– Пока вез – знал. Теперь – не пойму. Я всегда искал в данных несжимаемые кластеры, у меня алгоритм – все функции-обработчики настроены на работу прежде всего с такими областями. Они используют их для базисного размежевания. Иногда я позволяю себе ради любопытства покопаться в них в поисках исполнительного кода. Есть такое прикладное искусство – пейзаж в камне. Берется опал, сердолик, яшма, халцедон – все они слоистые, структурно нетривиальные, потому что образовались путем просачивания кальцинирующих вод, путем обработки температурой и давлением на вулканической глубине. Формировались слой за слоем, и их слой за слоем срезают, полируют, ищут такой узор, который был бы похож на «море-скалы-горизонт», на «холм-березка-поле-река», на пейзаж какой-нибудь вообще или на человеческое лицо.
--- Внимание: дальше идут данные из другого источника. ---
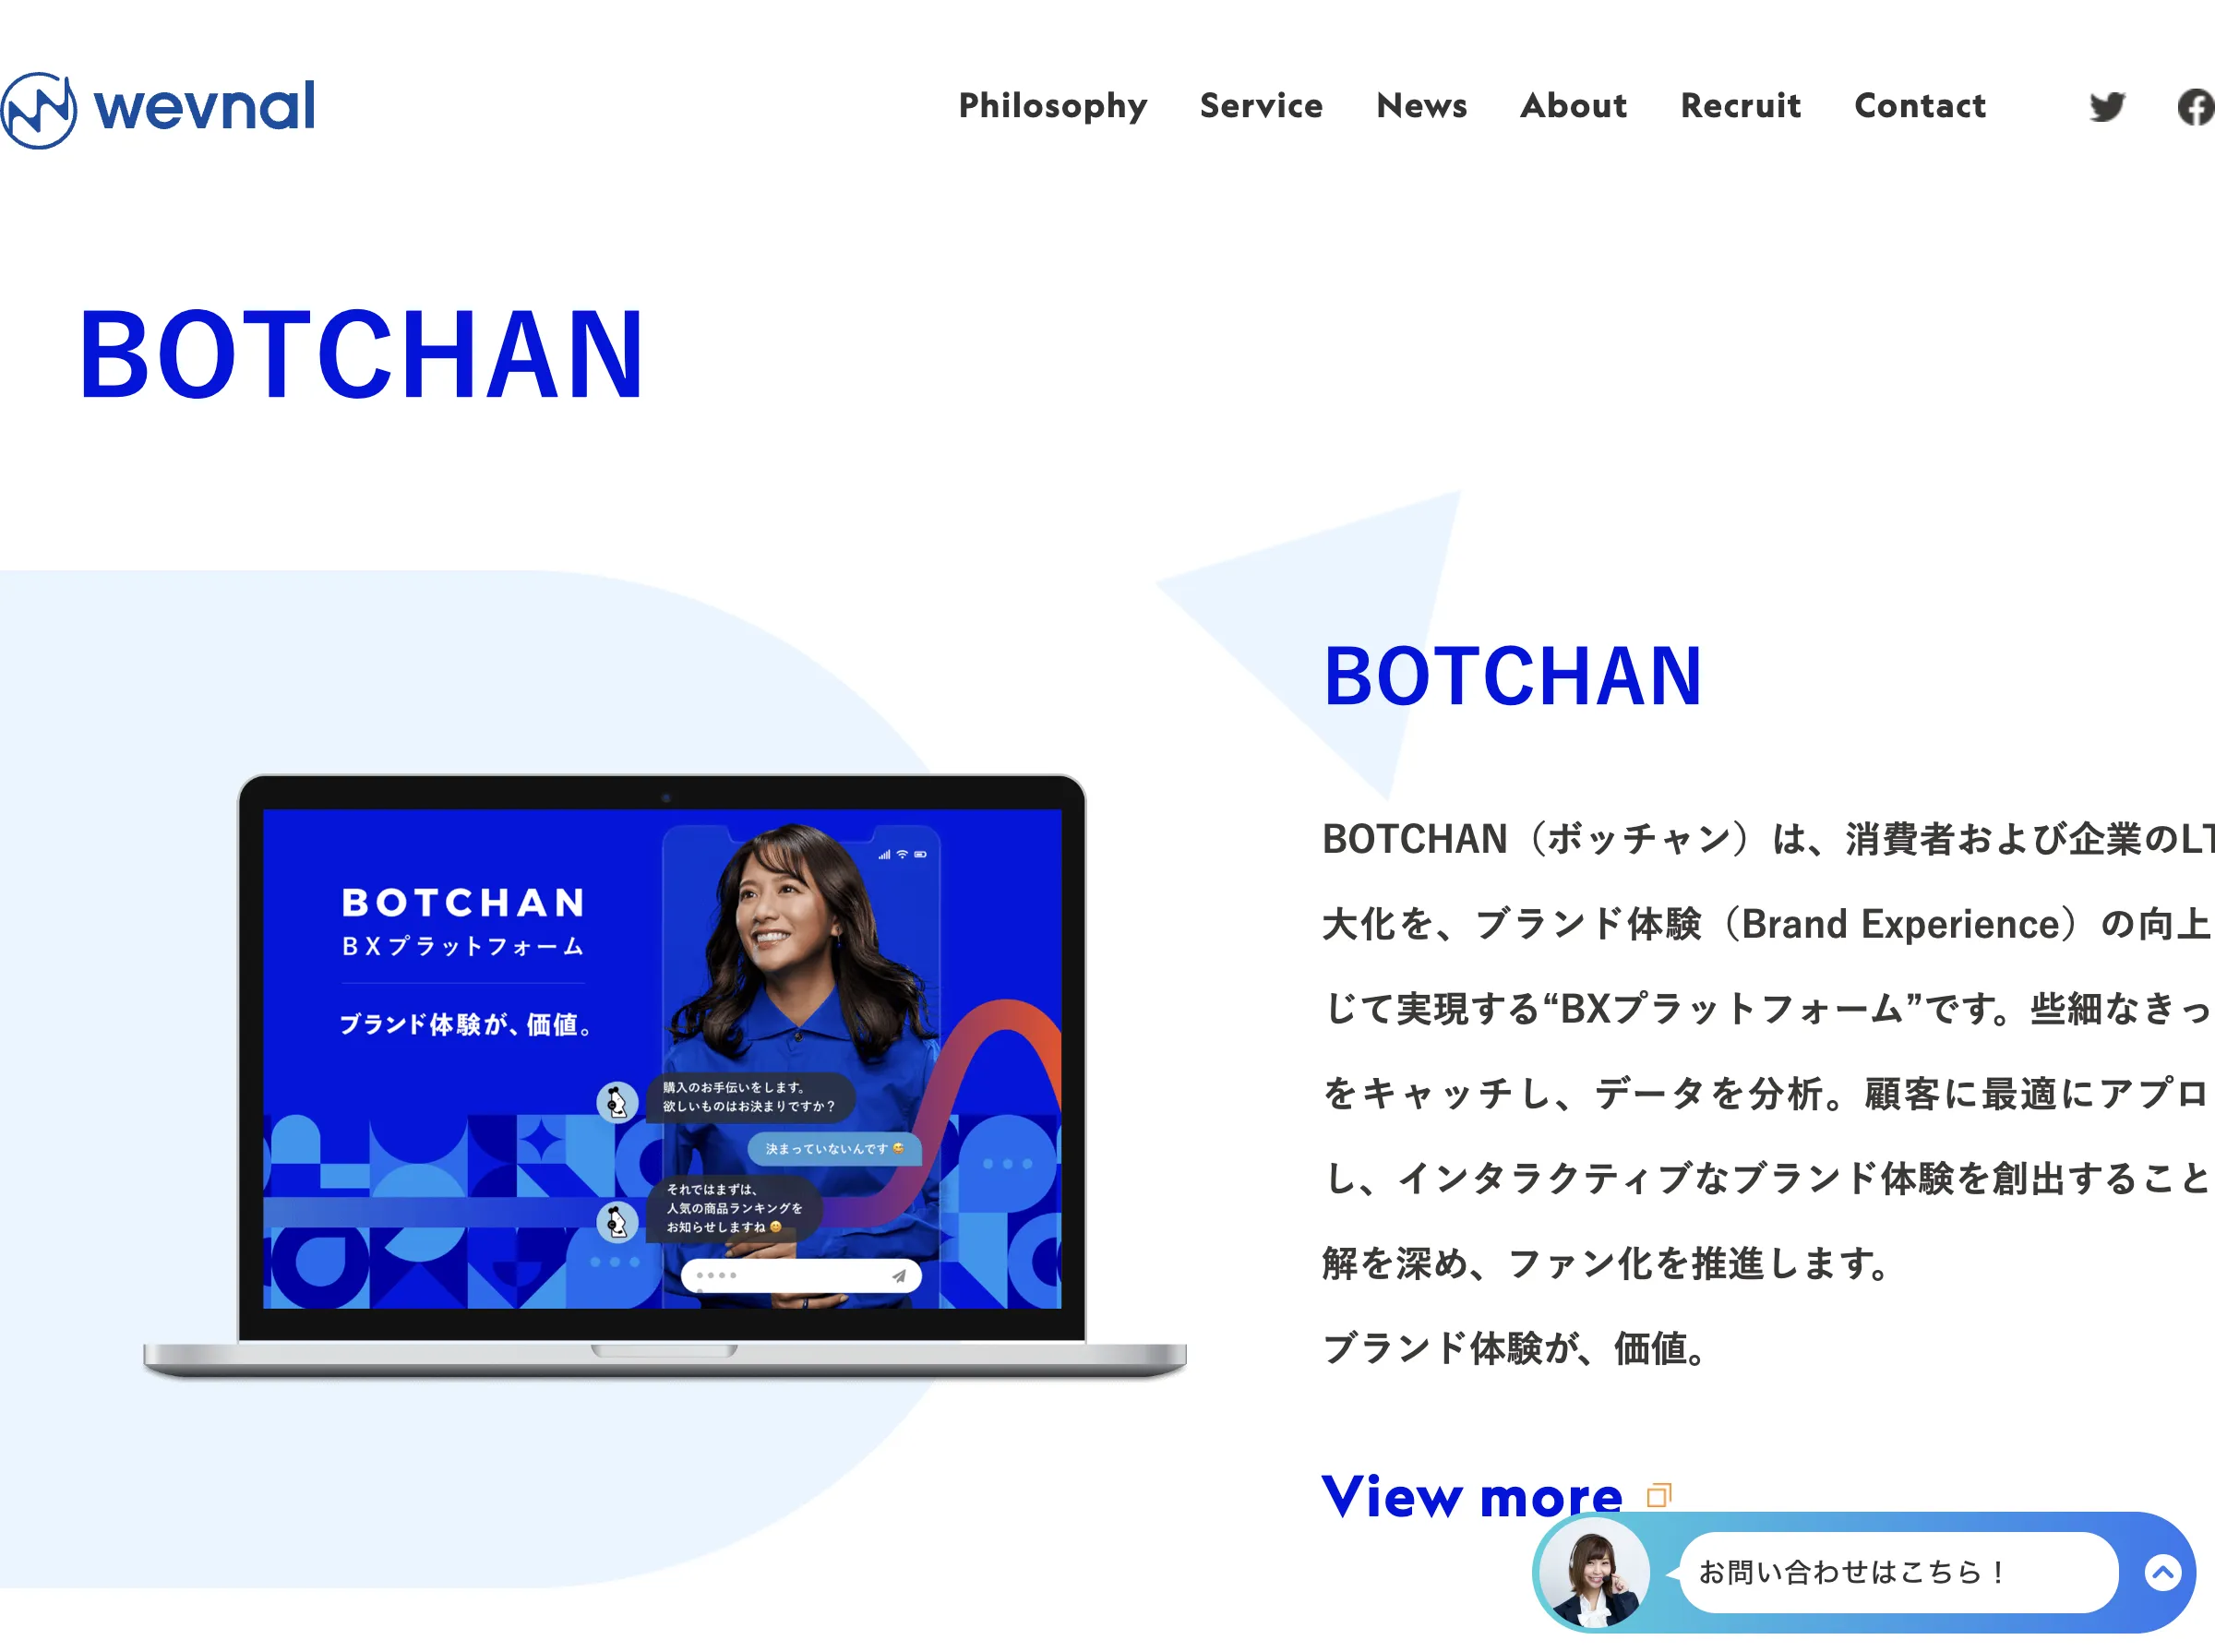 BOTCHAN(株式会社wevnal)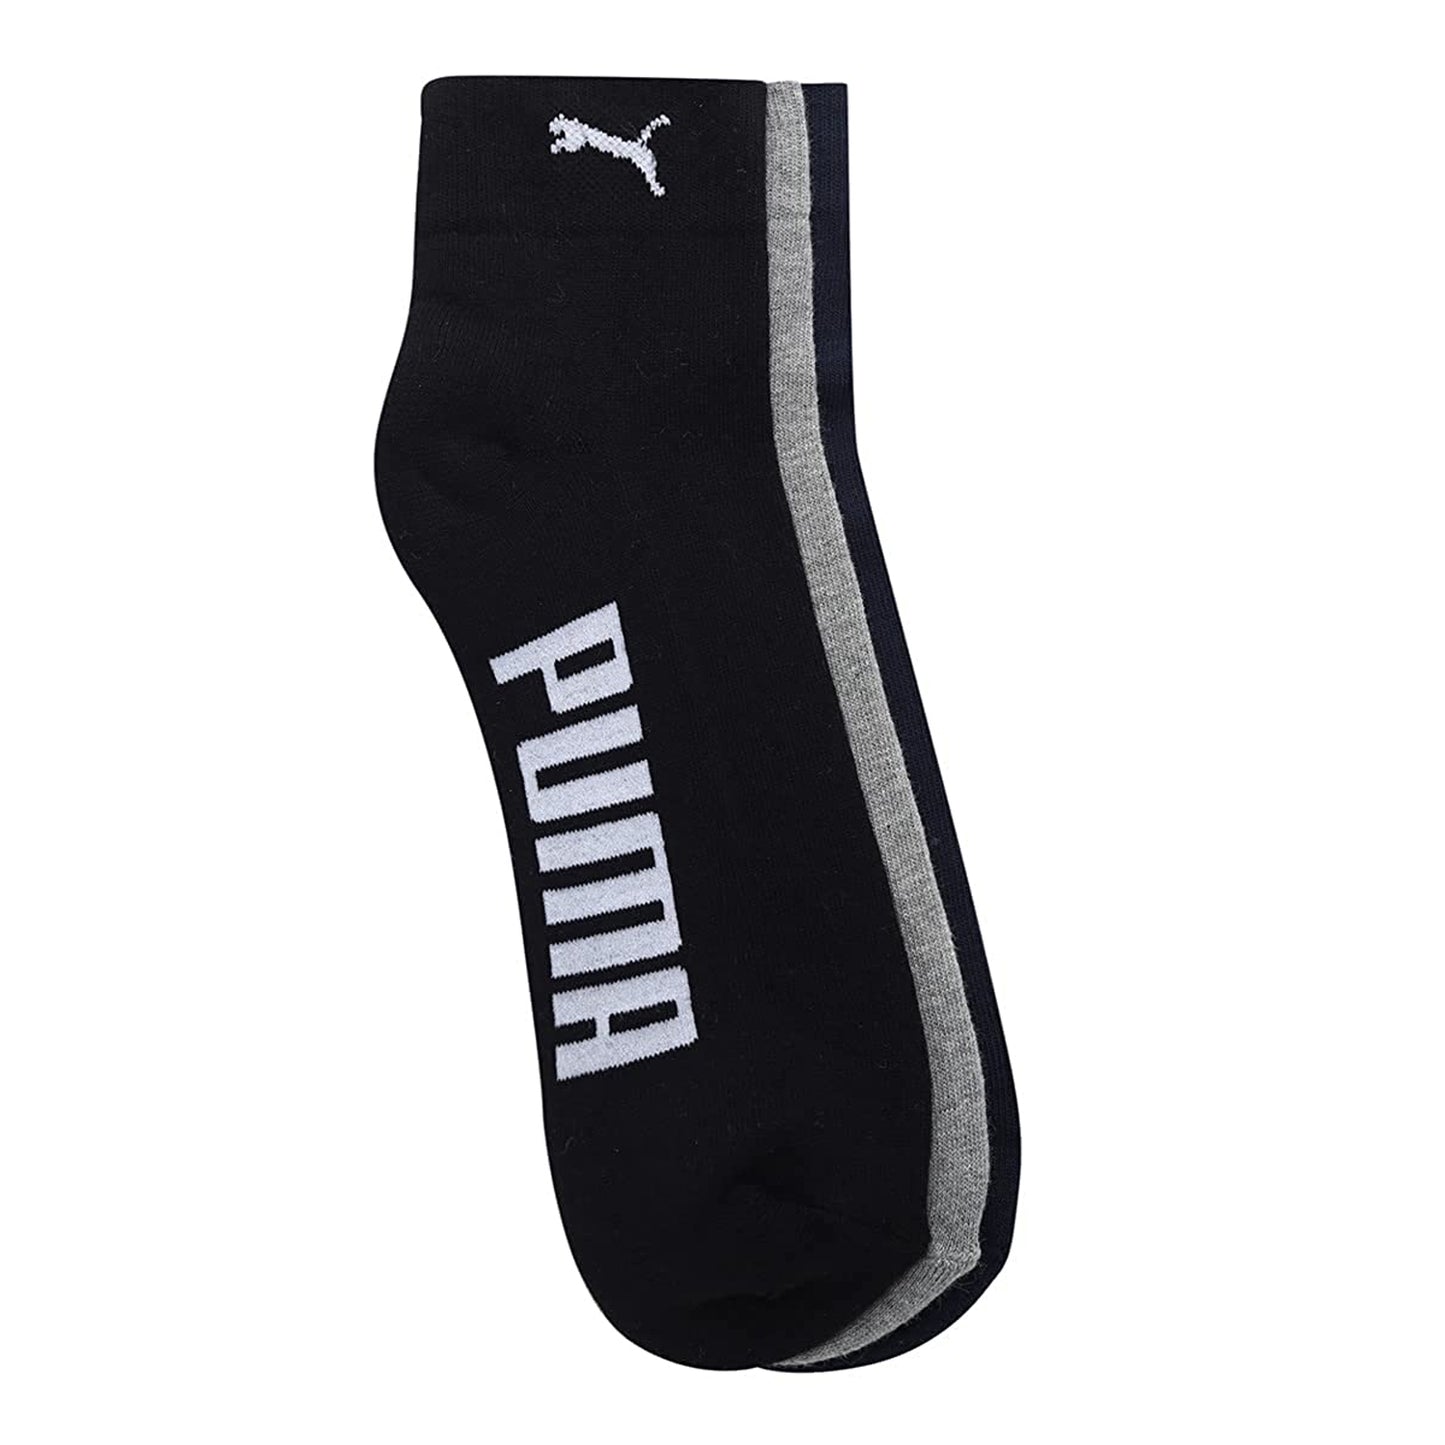 Puma Ankle Length Half Terry Socks, 3 Pairs - Best Price online Prokicksports.com

– Только не надо мне рассказывать, что ты занялся расшифровкой Божьего гласа, прозвучавшего из глубин Вселенной, – поморщился Васька.
– Надеюсь, что нет. Давай представим некий искусственный интеллект, а именно – довольно хорошо симулирующий работу мозга алгоритм с почти неограниченными техническими возможностями. Нынче вычислительные мощности достаточно сильны, чтобы вполне имитировать мышление, подражать сложности выбора… пусть не сознания, но мозга. Любая программа – это исполняемый файл, некий экзешник, и я задаюсь вопросом: каков размер этого файла? И еще вопрос вдогонку, ты оценишь его мнимую простоту: каков размер человеческой памяти в байтах?
– Это сложные вопросы, – кивнул Васька. – В мозге синапсов в среднем раз в десять больше, чем деревьев на Земле. Хороших оценок я не встречал. На сегодняшний день мы закладываемся по шестнадцати байт на синапс. Но данная модель простовата. Вообще, уместно говорить о сотне байт на синапс и о миллионе на нейрон. В мозге взрослого человека порядка ста миллиардов нейронов. Также нужно знать концентрации всех нейромедиаторов, передающих сигналы, но это копейки. Получим в результате величину порядка ста гигабайт на описание текущего состояния конкретного мозга – кратковременной памяти, внимания и тому подобного. Это наша оперативка. Долговременная память хранится где-то еще, пока точно не понятно где. То ли в структуре связей нейронов, то ли еще и в глие[14]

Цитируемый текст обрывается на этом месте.